Emma_AkpanItoro

Posted on Feb 19

RFC: AI agent for validating MRs against acceptance criteria - does this solve your problem?

#discuss #ai #automation #agents

Request for Comments: Meridian

I'm building an AI-powered code review agent for the GitLab AI Hackathon and would love feedback from practicing engineers.

The Hypothesis

Problem 1: MRs get merged without fully implementing acceptance criteria, causing requirement drift and rework.

Problem 2: Developers change code without understanding historical design constraints, causing regressions.

Cost: Estimated 20-30% of merged code needs follow-up work (based on anecdotal observation).

The Proposed Solution

An autonomous agent that:

Acceptance Criteria Validation

Issue #123:
  criteria:
    - Export to CSV ✓
    - Export to JSON ✗
    - Include all fields ✗

MR Analysis:
  implemented: 1/3 criteria
  action: Block merge
  recommendation: Complete remaining criteria or update issue scope

Historical Context Surfacing

File: auth_flow.py
Lines changed: 45-67

Historical Context:
  original_mr: #89 (8 months ago)
  design_decision: "SSO requires token refresh every 30s"
  edge_case: "Enterprise customers need persistent sessions"
  warning: "Your changes remove refresh logic. SSO may break."

Technical Approach

LLM: Anthropic Claude 3.5 Sonnet (semantic understanding)
Platform: GitLab Duo Agent Platform
Architecture: Event-driven (webhooks → async analysis → automated comments)
Stack: Python, FastAPI, PostgreSQL, Redis

Questions for You

1. Problem Validation

Does this problem exist in your team?

[ ] Yes, constantly
[ ] Yes, occasionally
[ ] Rarely
[ ] No, not a problem

2. Solution Validation

Would automated blocking help or create friction?

Scenarios:

MR implements 3/5 criteria → Agent blocks merge
Dev changes old code → Agent warns about design constraint
Both scenarios happen

Your reaction:

[ ] This would save us hours
[ ] This would be annoying
[ ] Depends on accuracy

3. Workflow Fit

Do you document acceptance criteria in a parseable format?

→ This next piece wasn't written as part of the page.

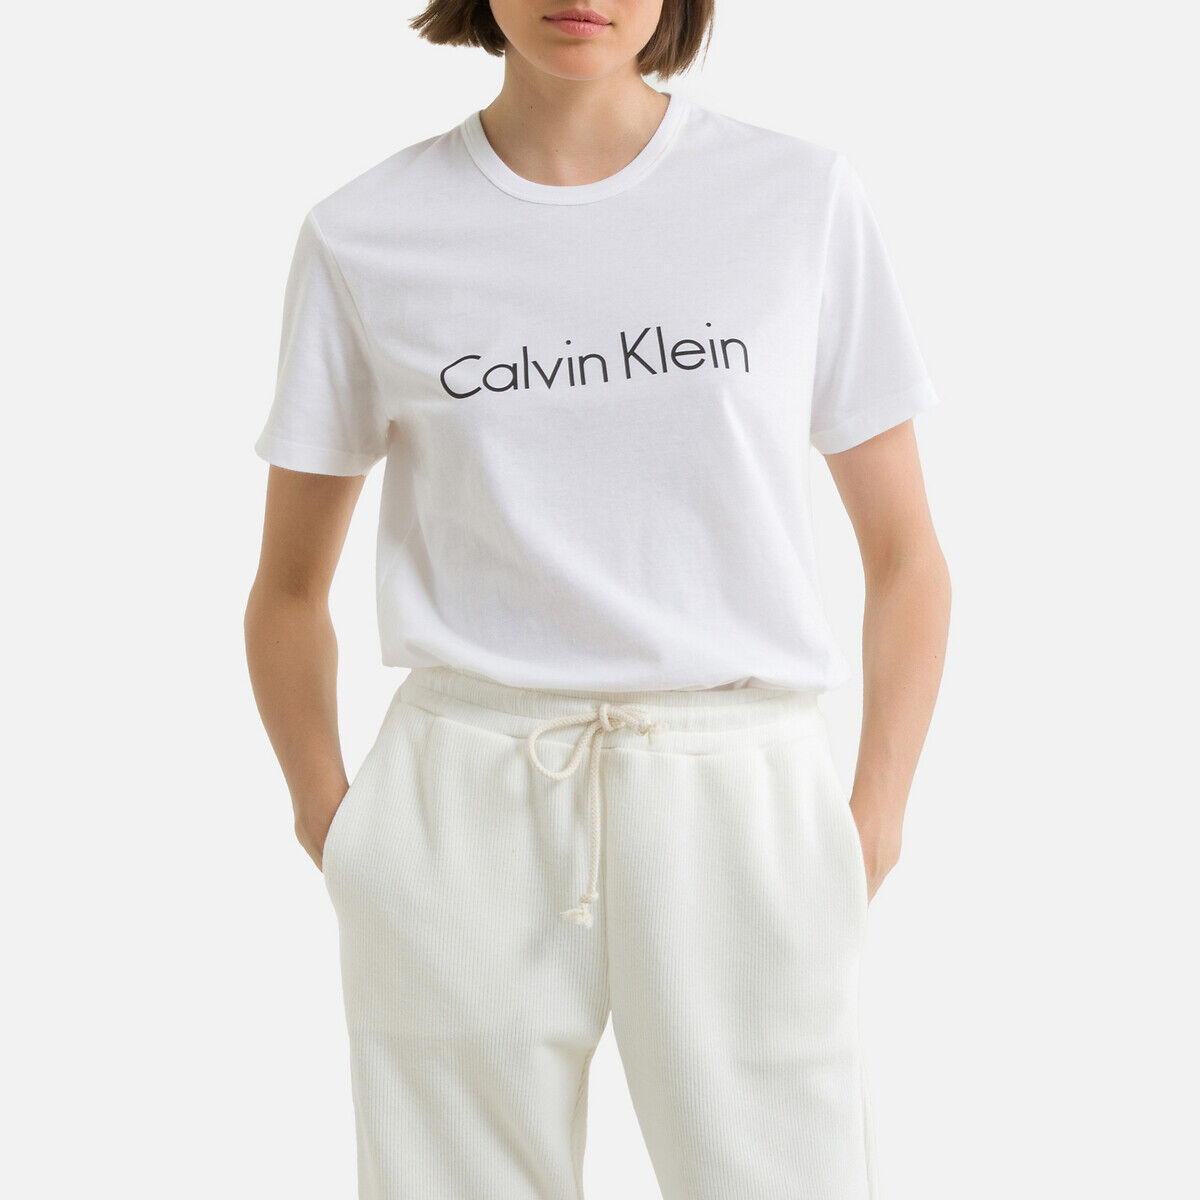 CALVIN KLEIN UNDERWEAR T shirt ras de cou CALVIN KLEIN

[ ] Yes (checkboxes, bullet points in issues)
[ ] Partially (sometimes)
[ ] No (verbal/Slack/tribal knowledge)

4. Alternative Solutions

What have you tried?

PR templates with checklists?
Manual gating process?
Code ownership + tribal knowledge?
Nothing?

5. False Positive Tolerance

How accurate would this need to be?

50% accurate → Would you use it?
70% accurate → Would you use it?
90% accurate → Would you use it?
100% accurate or nothing?

Why This Matters

Building for GitLab AI Hackathon (45-day timeline). Targeting $10K prize, but more importantly:

Learning distributed systems
Leveling up engineering practices
Building something people actually want

I'd rather pivot now than build something useless.

How to Give Feedback

Comment below with:

Your role (engineer/lead/manager)
Team size
Answers to questions above
Any other thoughts

Thanks for your time! 🙏

Top comments (2)

nivcmo • Feb 19

This is a really interesting approach to the "acceptance criteria drift" problem. I've seen this exact issue in multiple teams — the PR looks good, tests pass, code is clean, but it only implements 60% of what was actually requested.

A few thoughts from the trenches:

1. The blocking approach needs nuance
I'd suggest a "confidence score" rather than a binary block. 90%+ confidence = block; 70-89% = warning with required acknowledgment; below 70% = just a comment. This gives teams a dial to tune based on their false positive tolerance.

2. Historical context is the real killer feature
The acceptance criteria validation is useful, but the historical design constraint surfacing is where the 10x value lives. "You just broke the enterprise SSO flow that was carefully architected 8 months ago" — that's the kind of thing that saves days of debugging and customer escalations.

3. Consider the "why" not just the "what"
If you can capture the rationale behind design decisions (not just the decisions themselves), you'd have something truly powerful. "Don't just tell me we need token refresh every 30s — tell me why (enterprise security policy #47) so I know if my workaround is acceptable."

Team context: Former tech lead, 12-person team, GitLab self-hosted. We absolutely have this problem — probably 15-20% of merged MRs need follow-up work for missed edge cases.

Would definitely try this at 70%+ accuracy. Great RFC, good luck with the hackathon!